I am trying to read an excel sheet into df using pandas read_excel method. The excel file contains 6-7 different sheet. Out of it, 2-3 sheets are very huge. I only want to read one excel sheet out of the file. If I copy the sheet out and read the time reduces by 90%.

I have read that xlrd that is used by pandas always loads the whole sheet to memory. I cannot change the format of the input.

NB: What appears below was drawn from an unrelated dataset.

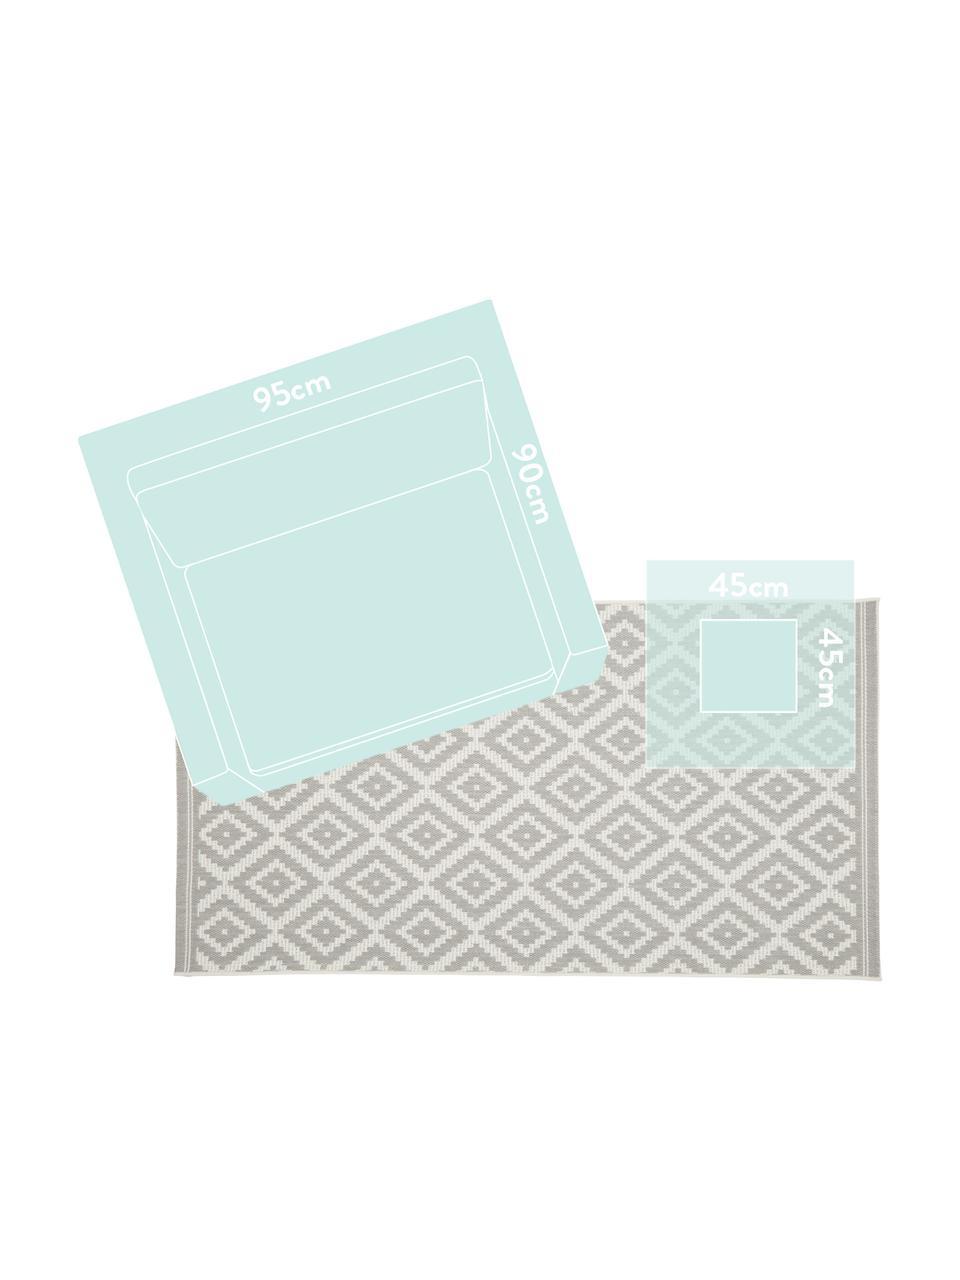 Alfombra de interior/exterior Miami, 86%polipropileno, 14%poliéster, Blanco crema, gris, An 200 x L 290 cm (Tamaño L)

Can you please suggest a way to improve the performance?

Nithin Mohan
  • 182
  • 4
  • 13
  • What about `xlsx = pd.ExcelFile('path_to_file.xls')` and `df = pd.read_excel(xlsx, 'Sheet1')` – jezrael Dec 21 '17 at 10:31
  • This is what we are using currently. It loads all the sheet it seems. [This](https://stackoverflow.com/questions/26521266/using-pandas-to-pd-read-excel-for-multiple-worksheets-of-the-same-workbook) StackOverflow question is the closest related to above question I came across. But it doesn't solve the problem I guess – Nithin Mohan Dec 21 '17 at 10:34
  • What's wrong with `data_file = pd.read_excel('path_to_file.xls', sheetname="Sheet1")`? – SamuelNLP Dec 21 '17 at 12:22
  • see this question and adapt the answer to your problem. https://stackoverflow.com/questions/28766133/faster-way-to-read-excel-files-to-pandas-dataframe – SamuelNLP Dec 21 '17 at 12:26

3 Answers3

0

It's quite simple. Just do this.

import pandas as pd
xls = pd.ExcelFile('C:/users/path_to_your_excel_file/Analysis.xlsx')
df1 = pd.read_excel(xls, 'Sheet1')
print(df1)
# etc.
df2 = pd.read_excel(xls, 'Sheet2')
print(df2)
ASH
  • 20,759
  • 19
  • 87
  • 200
0
import pandas as pd
df = pd.read_excel('YourFile.xlsx', sheet_name = 'YourSheet_Name')

Whatever sheet you want to read just put the sheet name and your path to excel file.

Ashu007
  • 745
  • 1
  • 9
  • 13
-1

Use openpyxl in read-only mode. See http://openpyxl.readthedocs.io/en/default/pandas.html

Charlie Clark
  • 18,477
  • 4
  • 49
  • 55